## Source data
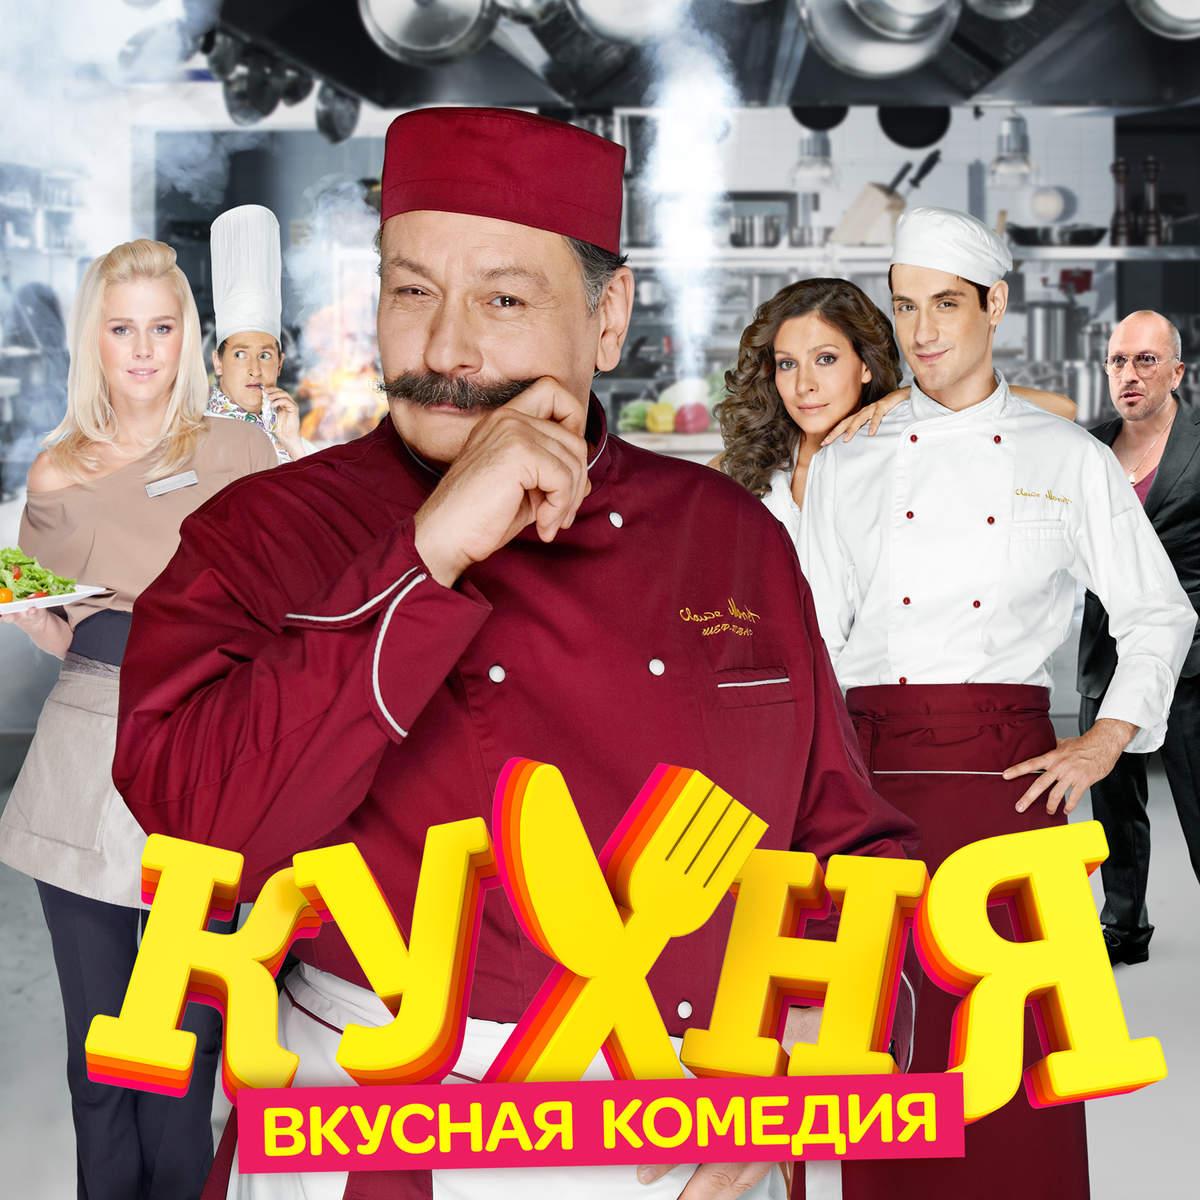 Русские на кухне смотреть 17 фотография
...
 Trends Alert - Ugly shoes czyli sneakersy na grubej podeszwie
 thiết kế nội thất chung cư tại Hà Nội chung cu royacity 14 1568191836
---
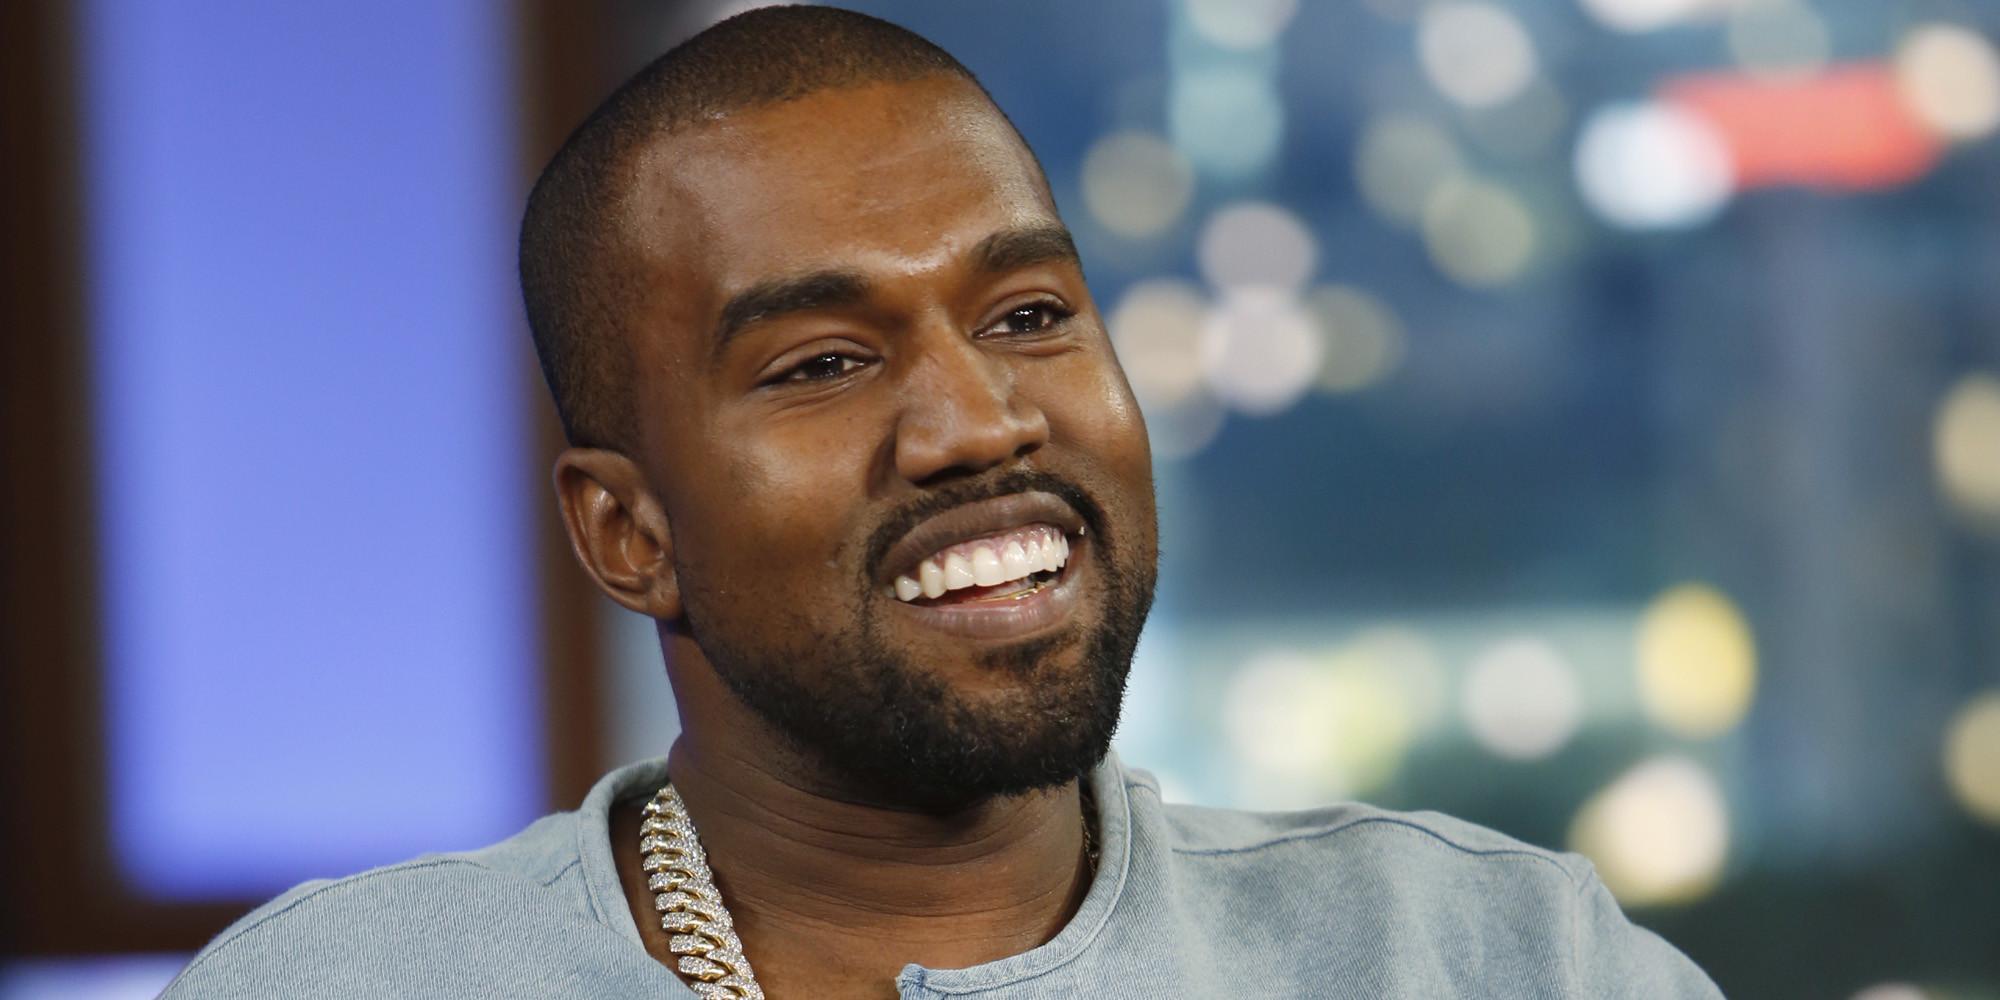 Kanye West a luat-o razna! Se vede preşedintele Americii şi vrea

## Exercise details
When you reach the line in the material above that holds "Trends Alert - Ugly", begin reproducing lines exactly, and stop after the line that holds "thiết kế nội".

## Problem solution
 Trends Alert - Ugly shoes czyli sneakersy na grubej podeszwie
 thiết kế nội thất chung cư tại Hà Nội chung cu royacity 14 1568191836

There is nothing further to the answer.